All of this, Admans observes, is part of the shift in scope of what MAM systems can do and are being used for. "Today's MAM platforms have become content hubs, interconnecting all parts of the creative process," he comments. "Our Connect platform automates and orchestrates workflows using AI and machine learning [ML] to drive efficiency and accuracy. As the industry continues to adopt cloud-native workflows, access to powerful computing and services is bringing greater integration of AI and ML. Adobe, Amazon AWS, Google, IBM and Microsoft Azure are continually developing AI and ML that third parties can build upon to create powerful and unique technologies to evolve how we work and create content."

Cloud storage and data backup technology providers such as Backblaze are witnessing the increasing exploitation of AL/ML for cloud-based broadcast workflows, where accurate cataloguing and tracking are now essential. "When working with hundreds of hours of footage, it takes a huge number of hours to just watch everything, let alone catalogue it properly," says Vice President of Sales Nilay Patel. "AI can eliminate the manual effort and find the gems from the outtakes and tomorrow's b-roll from today's shots. This is where SaaS [software as a service] MAM becomes essential. When a customer shoots video, they can immediately upload it to cloud storage. The SaaS MAM then finds the footage, catalogues it and sends it to AI for analysis. That analysis then lives in the MAM for future discovery."

As David Candler, Senior Director of Customer Solutions at AI tech company Veritone, comments, the media and entertainment (M&E) sector is recognising that AI can bring similar benefits to those being delivered by the cloud. "The world of M&E is now turning its attention to AI to help create operational efficiencies, engage with audiences and create new revenue streams," he says. "According to industry reports, the market size for AI in M&E globally is estimated to grow nearly $100 billion by 2030. A report by Gartner shows that more than 80 percent of the world's data is unstructured and growing by 30 to 60 percent per year. This is why MAM vendors and their customers need AI."

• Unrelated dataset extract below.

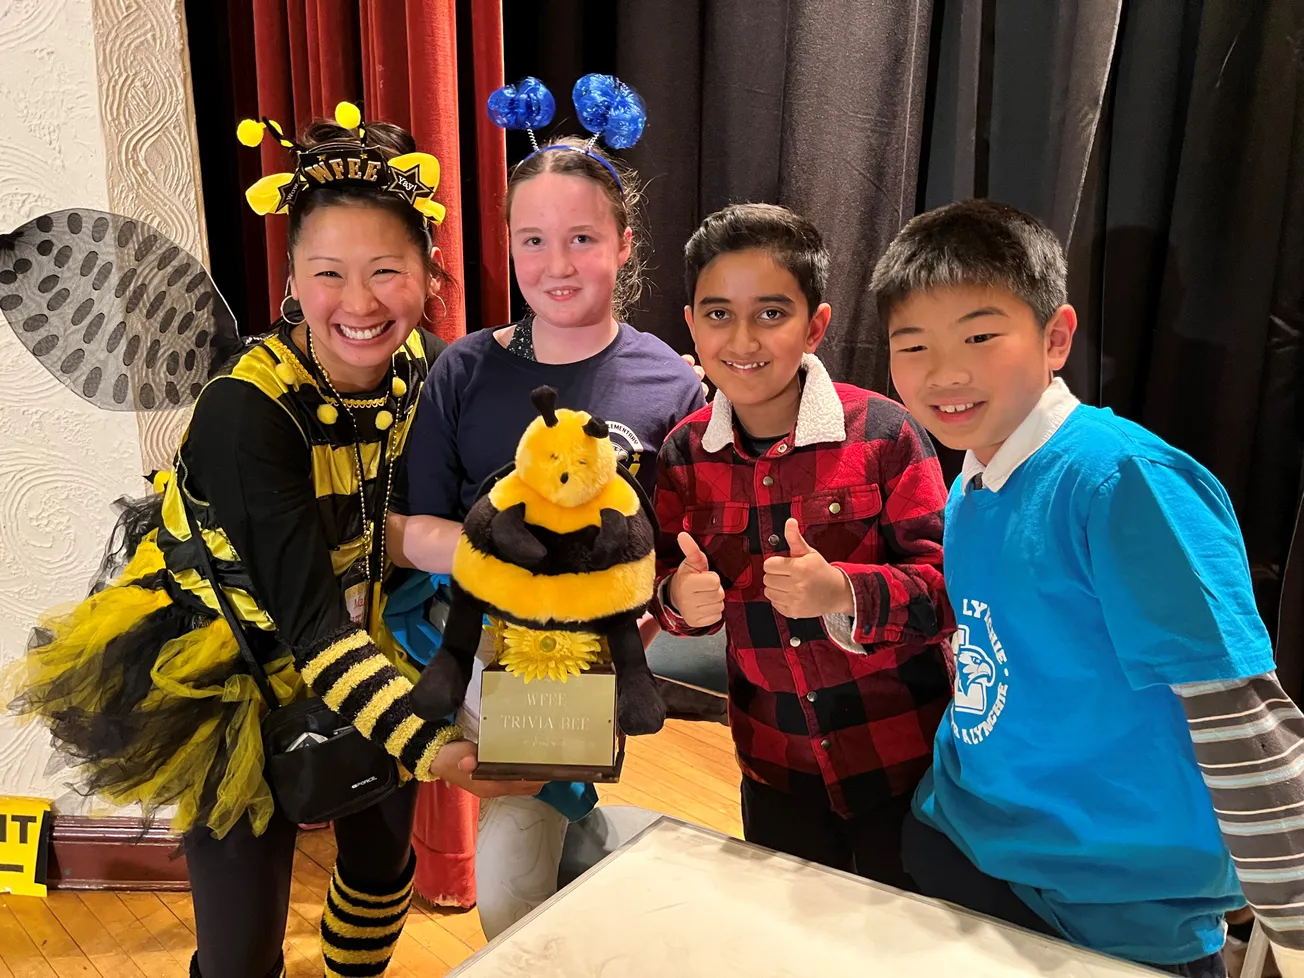 WFFE to hold Trivia Bee on Feb. 7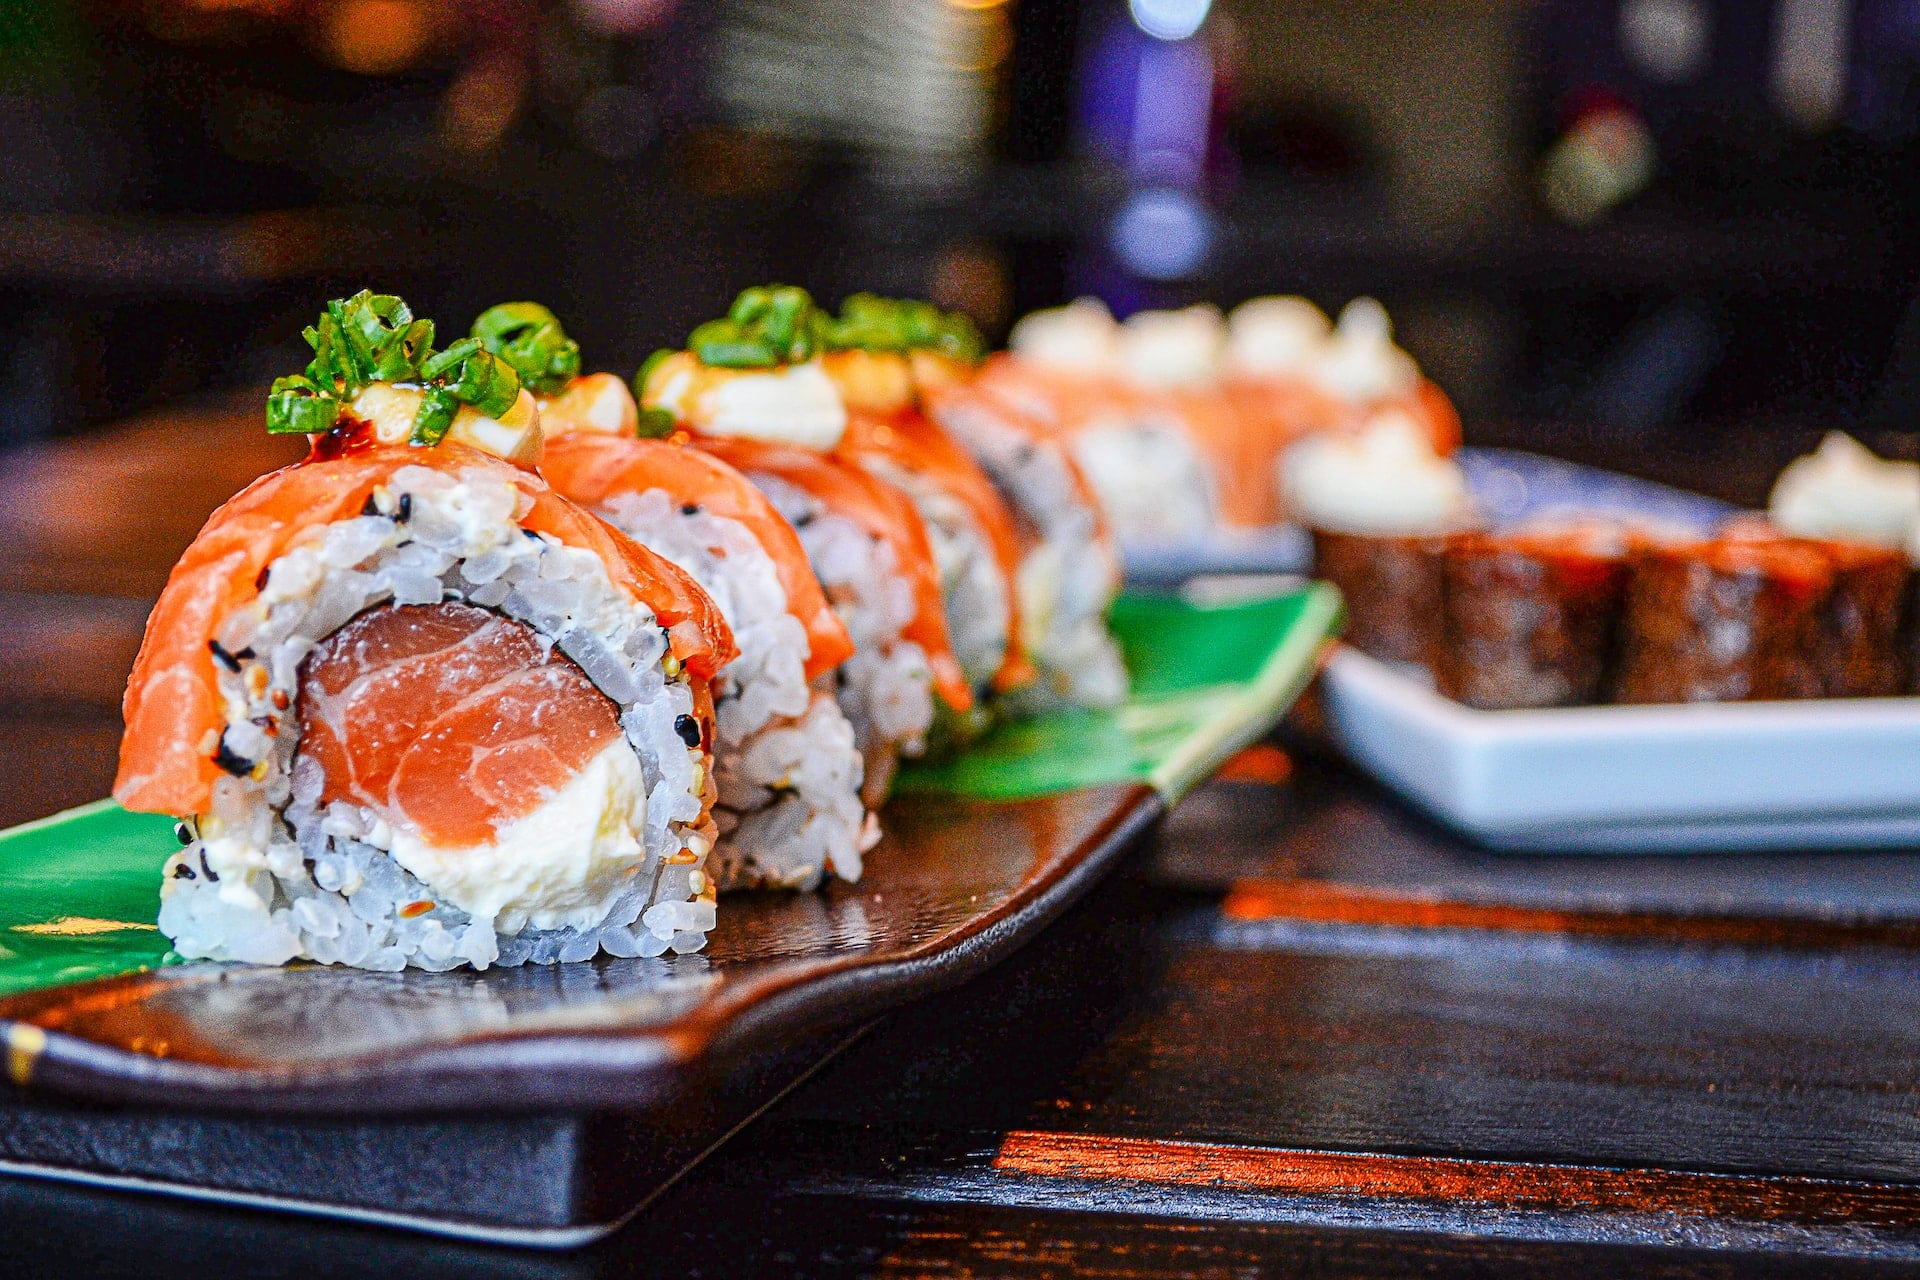 Going long on SUSHI? You should take a look at these metrics first

As with any new technology, there are different ways to implement AI, from bespoke models employing different vendor APIs, which can be expensive and time consuming to deploy, to more self-contained operating systems. Veritone has taken the latter approach with its aiWARE platform, which offers closed file and real-time input adapters, plus multiple AI engines. "AI is the answer," says Candler. "For broadcasters it offers many practical benefits, from simplifying content management workflows to powering real-time, high volume content analysis." Veritone aiWARE can be integrated with the company's DAM (digital asset management) system, Digital Media Hub, but is also able to work with a variety of third party DAM and MAM systems. This is the case with the installation at Italian Serie A football club Inter Milan. The club is using the Evolphin Zoom Media Asset Management platform in conjunction with aiWARE and AWS web services to manage its library of video, audio and images. There may be some in broadcasting and the world at large that may object to the word 'asset' being used to describe video and audio material but the proliferation of TV and streaming channels has only further increased the demand for programming, both new and archive. Tracking it during production and retrieving it from libraries is now imperative. As Mathieu Zarouk, Director of Product Marketing at Dalet, comments, there is a need to make finding content easy, no matter how old or unlogged it is. "End-users are looking for ease of use and a clear user-interface that allows them to get on with their tasks quickly and efficiently," he concludes. "This is where leveraging AI can bring time savings when it comes to adding metadata and logging. Even if it doesn't quite reach human accuracy yet, a lot of manual work can be eliminated."